▶ _GIVEN RECORDS_
**********
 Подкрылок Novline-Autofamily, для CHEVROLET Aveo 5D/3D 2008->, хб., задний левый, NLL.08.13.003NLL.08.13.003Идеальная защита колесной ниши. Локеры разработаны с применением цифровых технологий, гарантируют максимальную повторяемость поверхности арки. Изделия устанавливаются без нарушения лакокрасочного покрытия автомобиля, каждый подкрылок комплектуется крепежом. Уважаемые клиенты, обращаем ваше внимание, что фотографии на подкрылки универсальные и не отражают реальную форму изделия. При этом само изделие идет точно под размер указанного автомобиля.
**********
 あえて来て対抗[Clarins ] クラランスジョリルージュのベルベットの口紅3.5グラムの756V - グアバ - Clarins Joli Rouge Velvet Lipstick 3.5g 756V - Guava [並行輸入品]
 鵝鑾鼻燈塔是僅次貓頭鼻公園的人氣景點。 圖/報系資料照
**********
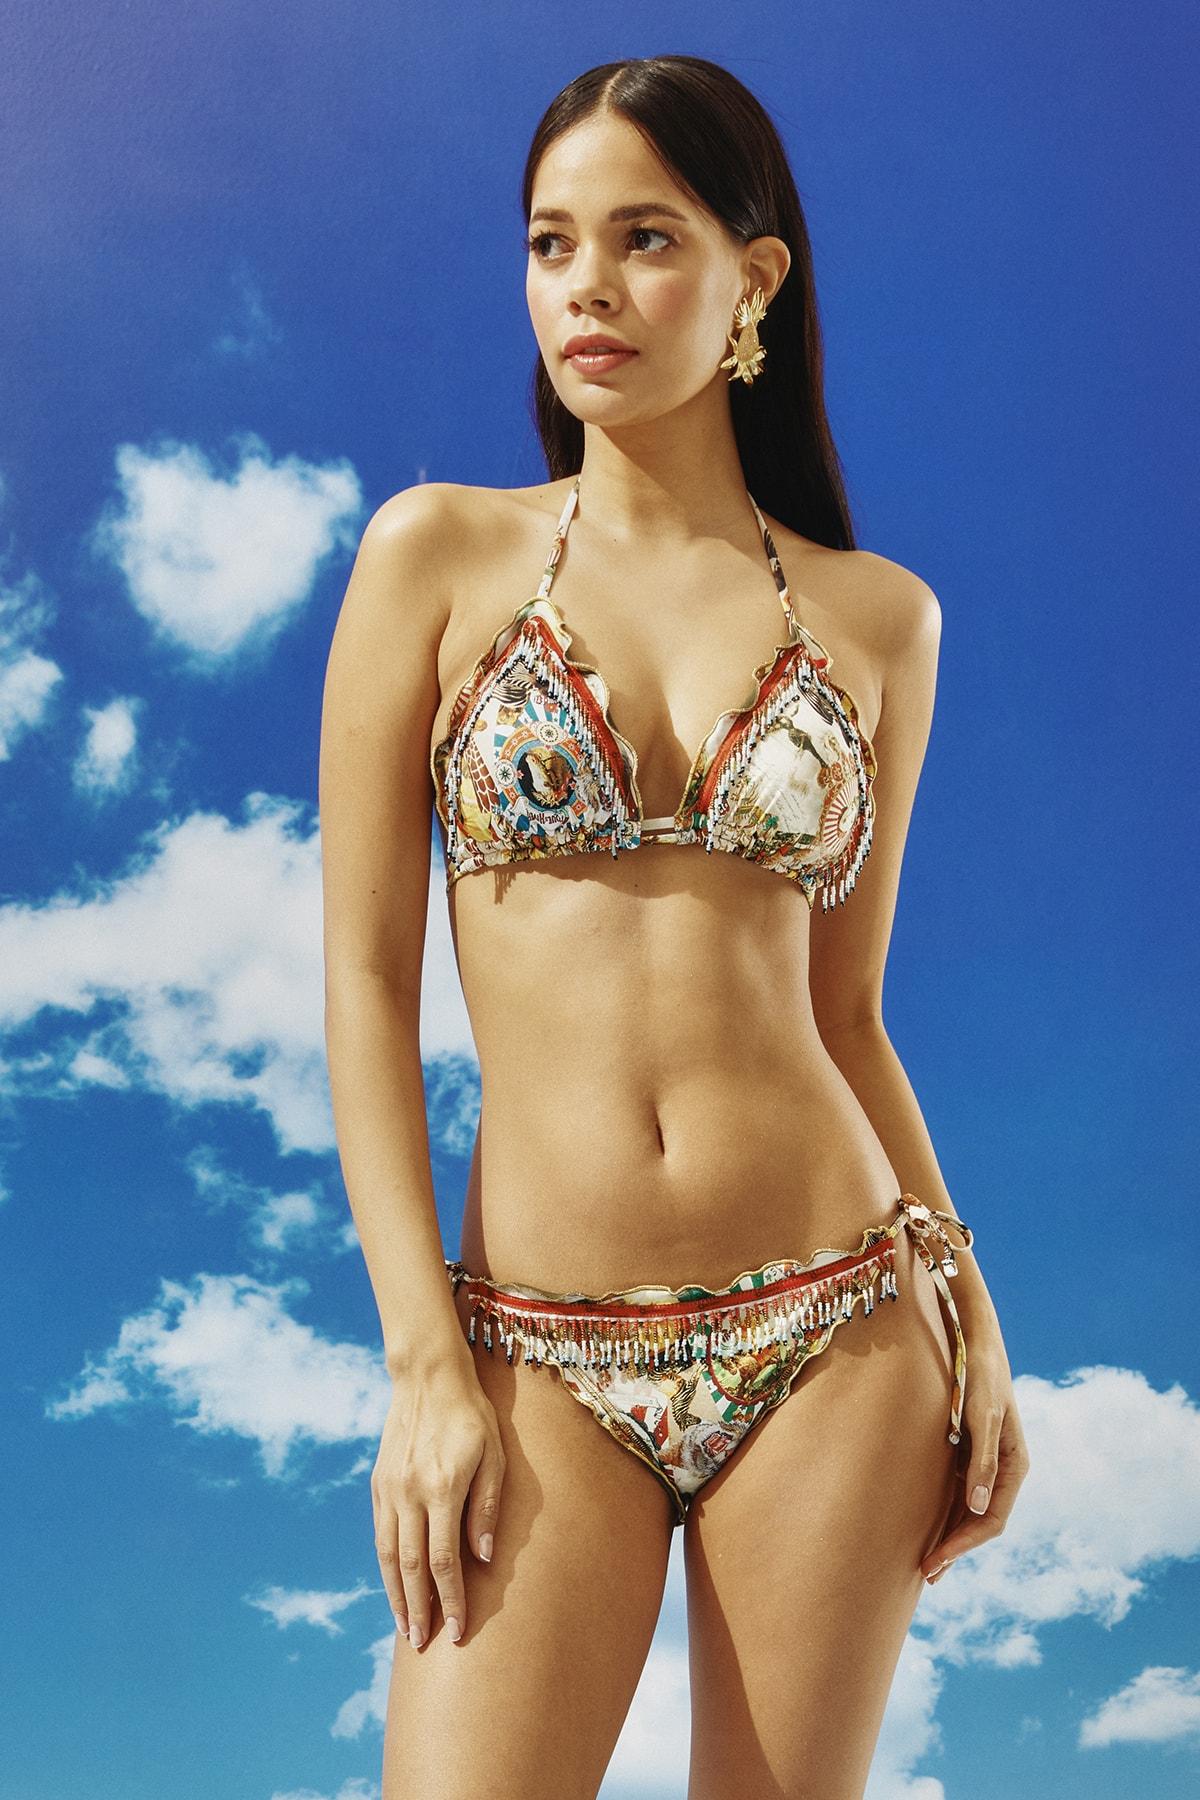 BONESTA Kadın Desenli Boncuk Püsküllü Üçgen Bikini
**********
▶ _TASK TO COMPLETE_
Start with the line above that contains "あえて来て対抗[Clarins ] クラランスジョリルージュのベルベットの口紅3.5グラムの756V" and stop after the line that contains "鵝鑾鼻燈塔是僅次貓頭鼻公園的人氣景點。 圖/報系資料照". Output those lines exactly, and only those.

▶ _ANSWER SPACE_
 あえて来て対抗[Clarins ] クラランスジョリルージュのベルベットの口紅3.5グラムの756V - グアバ - Clarins Joli Rouge Velvet Lipstick 3.5g 756V - Guava [並行輸入品]
 鵝鑾鼻燈塔是僅次貓頭鼻公園的人氣景點。 圖/報系資料照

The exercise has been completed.